Наступило 10-е число месяца Тишри. Йом Кипур. Великий День Искупления. В этот день Моисей сошел с горы Синая и очистил евреев от скверны Золотого Тельца. Но в этот же день, по преданию, Адам впал в грех и раскаялся, а Авраам совершил обрезание.

Евреи верили, что в Йом Кипур завершается Божественное Судилище, начатое в Йома Арихта, в первых числах Тишри[67]. Именно в Йом Кипур Бог выносит свое судьбоносное решение о каждом человеке, определяет, кому простить его грехи за прошедший год и позволить дожить до следующего Рош Хашанаха, а кому нет. Хотя при этом никому не дано знать, какой приговор вынесен для него ХаШемом. Царь Давид как-то в этот день вопросил Всевышнего открыть ему день смерти, но лишь узнал, что умрет в одну из суббот.

С раннего утра люди начали стекаться в Храм. Простые люди входили через Двойные ворота Хульды. Знатные горожане переходили по арочному мостику от Ксистуса. Дальше на север по ступенькам над другим таким же арочным проходом, ведущим к воротам посередине западных стен, шли женщины. Еще севернее через другие ворота проходили священнослужители Храма.

В этот день Элохим проснулся перед самым рассветом весь в холодном поту от увиденного сна. Ему приснилась Мариам. Она вышла из Шушанских ворот, и он встретил ее на мосту. Они перешли через мост к Масличной горе, а оттуда на маковую поляну по ту сторону горы. Под палящими лучами солнца им стало жарко. Они укрылись в тени ветвистого дуба. Она неожиданно сняла с себя всю одежду и легла на траву. В этот момент он узнал в ней ту девушку, которая приснилась ему когда-то давно в день Хануки и которую он тогда принял за юную Анну. И как тогда, она протянула ему руку. Он прилег к ней. И как только он прикоснулся к ее телу, тут же проснулся в ужасе.
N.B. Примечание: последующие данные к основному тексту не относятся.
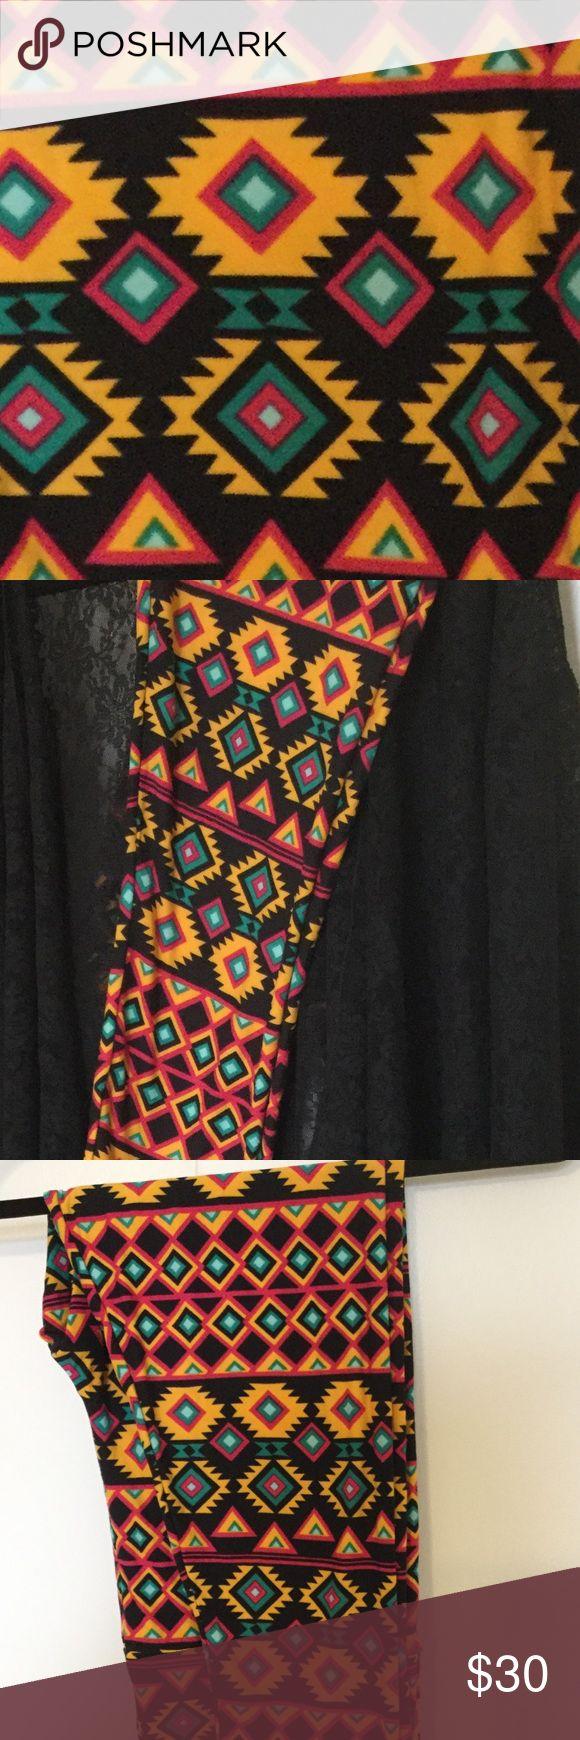 New! TC leggings! Super cute Aztec.  LuLaRoe. New! TC leggings! Super cute Aztec.  LuLaRoe. Bundle 2or more and make offer. 😀 LuLaRoe Pants Leggings

Он был уверен, что во сне совершил кровосмешение. Какая мерзость! Какая гадость! Собственную дочь! Стошнило. Его до жути охватили угрызения совести. Было стыдно перед самим собой, перед Мариам. Как смотреть теперь ей в глаза? Нет, не сможет. В голову лезли всякие дурные мысли. Внезапно он ощутил невыносимое стеснение в груди. Жить стало невмоготу.

Он схватил меч и вогнал его рукояткой в землю так, чтобы он мог держаться вертикально, острием вверх. Потом встал на ноги, нагнулся над мечом и ощутил его острие в солнечном сплетении. Ему стоило только упасть, чтобы разом покончить со всем. Дальше жить нельзя.

А как Мариам? Она вечером придет к Шушанским воротам и не застанет его там. Что с ней станет тогда? Куда она пойдет одна? Кто ее защитит?

Элохим взял меч и со злостью воткнул его в землю. Он с остервенением вонзал его еще и еще, чувствуя, как с каждым новым ударом злость на себя словно уходила в землю. Ему стало легче. Стало свободнее дышать. Прояснилось сознание. От угрызений совести не осталось и следа. Внезапно его осенила невероятная мысль. «Я терзаюсь не из-за кровосмешения, а потому что существуют другие люди. Если бы на свете жили только двое, я и Мариам, то сам Господь благословил бы нас. Люди давят на меня своим существованием. Но если они не живые, а мертвые, и лишь существуют? А жива только Мариам!?». Он словно лишился всех чувств, всех предрассудков, всех предубеждений, всех предвзятостей и превратился в одну сплошную мысль. Он испытал редчайшее душевное очищение.

Между тем пока так думал, Элохим бессознательно ковырял землю мечом. Он посмотрел на разрыхленную землю и вырыл неглубокую яму. Потом обернул меч вновь в старую одежду, спрятал его в яме и засыпал ее землей. Сверху настелил свой дорожный коврик и сложил на нем остальные свои вещи. Вечером, перед тем как встретиться с Мариам, подумал он, ему надо будет только быстро скатать коврик, достать меч и разобрать шатер.

Элохим вышел из шатра, отвязал своего мула и отвел его к наемным пастухам, которые пасли лошадей, мулов и ослов паломников внизу недалеко от потоков Кедрона. Передав мула пастухам, он отправился в Храм.

98

К тому времени, когда Элохим пришел в Храм, он был уже переполнен людьми. Элохим прошел через всю большую площадь Внешнего двора и перешел во Внутренние дворы Храма. Во дворе сынов Израилевых он присоединился к своему племени. Священнослужители уже собрались вокруг Великого Алтаря в ожидании Иосифа бен Эл-Лемуса, действующего Первосвященника.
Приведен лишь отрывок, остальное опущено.